In-field MinION-based diagnostics can define Pst isolates in Ethiopia in real-time
As resource-poor locations frequently bear the brunt of plant disease epidemics, we developed a simplistic Mobile And Real-time PLant disEase (MARPLE) diagnostics pipeline so that the 242 polymorphic Pst genes could be amplified and sequenced on the MinION sequencer for phylogenetic analysis in situ (Fig. 6; Additional file 13). To test our MARPLE diagnostics pipeline, we collected four Pst-infected wheat samples in 2018 and carried out analysis in situ in Ethiopia (Additional file 1: Table S1). As Ethiopia may act as a gateway for new Pst isolates entering Africa from sexually recombining populations in Asia, this pipeline would enable rapid detection of any new Pst strains entering East Africa.
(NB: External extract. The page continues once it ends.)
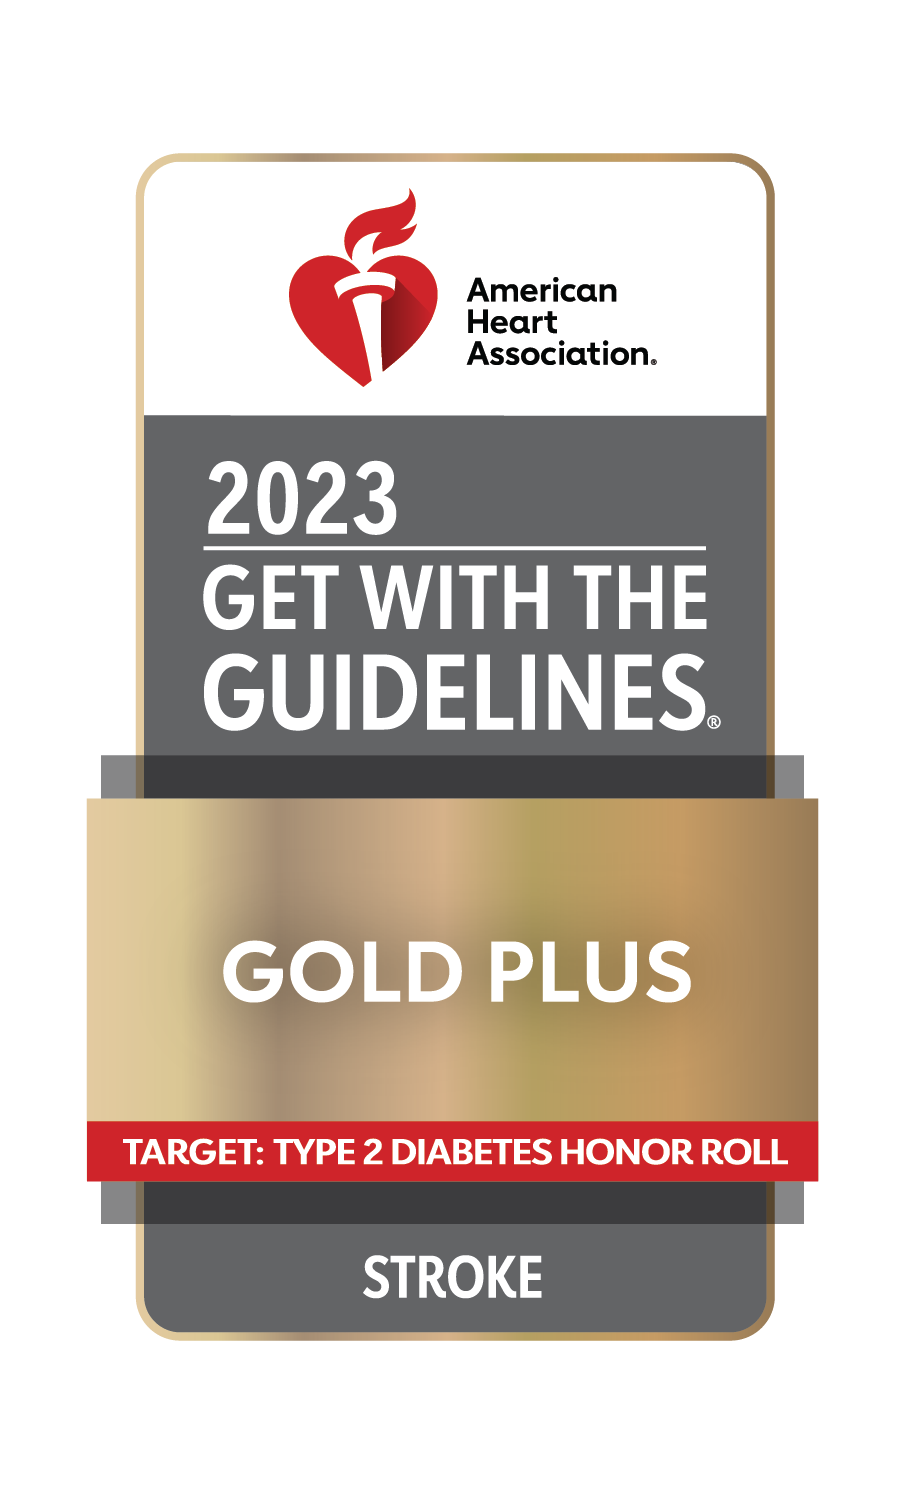 2023 American Heart Association Get With The Guidelines GOLD PLUS Award

First, DNA was extracted from each Pst-infected wheat sample using a simplified method wherein Pst-infected plant tissue was homogenised, cells lysed and DNA isolated using magnetic-bead-based purification (Fig. 6). Next, a panel of 242 oligonucleotide pairs was used in PCR amplification to enrich for the previously defined set of Pst gene sequences. This enrichment enabled direct analysis of each of the field-collected Pst-infected wheat tissue samples. The 242 oligonucleotide pairs were pooled into four groups, where concentrations were optimised individually to amplify all genes in each individual group (Additional file 1: Table S4). To ensure ease of portability and avoid the need for continuous electricity, PCR amplification was performed using thermostable Taq polymerase and a battery-powered mobile miniPCR machine (Fig. 6; Additional file 1: Table S13). Finally, a simple analysis pipeline independent of internet connectivity was utilised on a laptop computer for phylogenetic analysis of Pst isolates (Fig. 6).
Overall, the entire pipeline from sample collection to completion of the phylogenetic analysis was achieved within 2 days, providing rapid real-time information on the population dynamics of Pst in Ethiopia. The resulting phylogenetic analysis of the four Pst-infected wheat samples illustrated that the late 2018 Pst population in Ethiopia was similar to that defined in the previous 2017/2018 growing season (Fig. 5).